[Dataset extract]:
::::::::

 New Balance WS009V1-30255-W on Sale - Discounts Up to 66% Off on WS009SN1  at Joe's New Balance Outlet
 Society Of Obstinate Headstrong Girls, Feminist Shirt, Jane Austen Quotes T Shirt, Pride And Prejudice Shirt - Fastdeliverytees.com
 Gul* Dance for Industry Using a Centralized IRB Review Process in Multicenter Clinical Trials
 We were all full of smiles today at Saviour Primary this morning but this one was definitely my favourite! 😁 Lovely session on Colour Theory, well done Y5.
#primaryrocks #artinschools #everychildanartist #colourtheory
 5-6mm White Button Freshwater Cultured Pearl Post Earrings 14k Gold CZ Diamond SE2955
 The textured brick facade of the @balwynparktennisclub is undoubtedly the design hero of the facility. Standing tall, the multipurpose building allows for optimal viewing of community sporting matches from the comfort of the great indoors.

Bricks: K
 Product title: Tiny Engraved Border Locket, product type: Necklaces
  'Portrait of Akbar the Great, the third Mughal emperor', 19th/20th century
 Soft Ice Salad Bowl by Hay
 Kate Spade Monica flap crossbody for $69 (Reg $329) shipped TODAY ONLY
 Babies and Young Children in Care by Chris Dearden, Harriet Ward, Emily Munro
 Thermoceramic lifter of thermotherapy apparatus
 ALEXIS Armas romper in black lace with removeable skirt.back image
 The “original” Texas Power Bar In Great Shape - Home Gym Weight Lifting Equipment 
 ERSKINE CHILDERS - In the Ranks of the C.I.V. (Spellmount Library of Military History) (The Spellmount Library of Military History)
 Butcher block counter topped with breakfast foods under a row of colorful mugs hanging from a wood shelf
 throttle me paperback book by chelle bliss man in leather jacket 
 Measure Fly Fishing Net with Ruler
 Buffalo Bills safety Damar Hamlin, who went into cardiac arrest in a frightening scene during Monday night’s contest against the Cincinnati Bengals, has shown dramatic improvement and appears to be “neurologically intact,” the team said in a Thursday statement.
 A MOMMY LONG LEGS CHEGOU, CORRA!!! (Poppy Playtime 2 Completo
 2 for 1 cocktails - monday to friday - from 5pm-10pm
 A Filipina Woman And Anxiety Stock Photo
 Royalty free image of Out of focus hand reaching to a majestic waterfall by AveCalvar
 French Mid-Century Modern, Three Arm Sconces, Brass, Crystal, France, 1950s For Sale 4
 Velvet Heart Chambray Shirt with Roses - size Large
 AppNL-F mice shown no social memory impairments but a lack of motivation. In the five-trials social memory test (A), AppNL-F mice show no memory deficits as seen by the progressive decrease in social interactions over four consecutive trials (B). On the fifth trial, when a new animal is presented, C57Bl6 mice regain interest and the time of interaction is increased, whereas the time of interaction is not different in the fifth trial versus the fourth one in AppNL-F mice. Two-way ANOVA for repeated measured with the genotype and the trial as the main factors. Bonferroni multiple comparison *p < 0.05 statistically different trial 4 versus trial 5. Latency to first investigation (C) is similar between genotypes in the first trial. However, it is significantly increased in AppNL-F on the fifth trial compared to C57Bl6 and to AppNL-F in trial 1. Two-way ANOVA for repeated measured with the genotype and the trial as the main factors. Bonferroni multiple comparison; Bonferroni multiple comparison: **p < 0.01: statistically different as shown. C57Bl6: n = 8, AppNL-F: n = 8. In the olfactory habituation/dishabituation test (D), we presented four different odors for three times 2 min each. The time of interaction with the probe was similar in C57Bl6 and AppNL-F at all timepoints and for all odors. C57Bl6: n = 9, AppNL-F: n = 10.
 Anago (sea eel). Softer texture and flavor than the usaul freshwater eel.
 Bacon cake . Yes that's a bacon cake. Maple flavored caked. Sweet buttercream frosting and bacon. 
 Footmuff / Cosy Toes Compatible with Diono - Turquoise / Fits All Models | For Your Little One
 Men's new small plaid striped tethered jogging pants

::::::::

[Exercise brief]:
From the records above, give again exactly the lines running from the line with "Society Of Obstinate" to the line with "We were all", inclusive.

[Answer box]:
 Society Of Obstinate Headstrong Girls, Feminist Shirt, Jane Austen Quotes T Shirt, Pride And Prejudice Shirt - Fastdeliverytees.com
 Gul* Dance for Industry Using a Centralized IRB Review Process in Multicenter Clinical Trials
 We were all full of smiles today at Saviour Primary this morning but this one was definitely my favourite! 😁 Lovely session on Colour Theory, well done Y5.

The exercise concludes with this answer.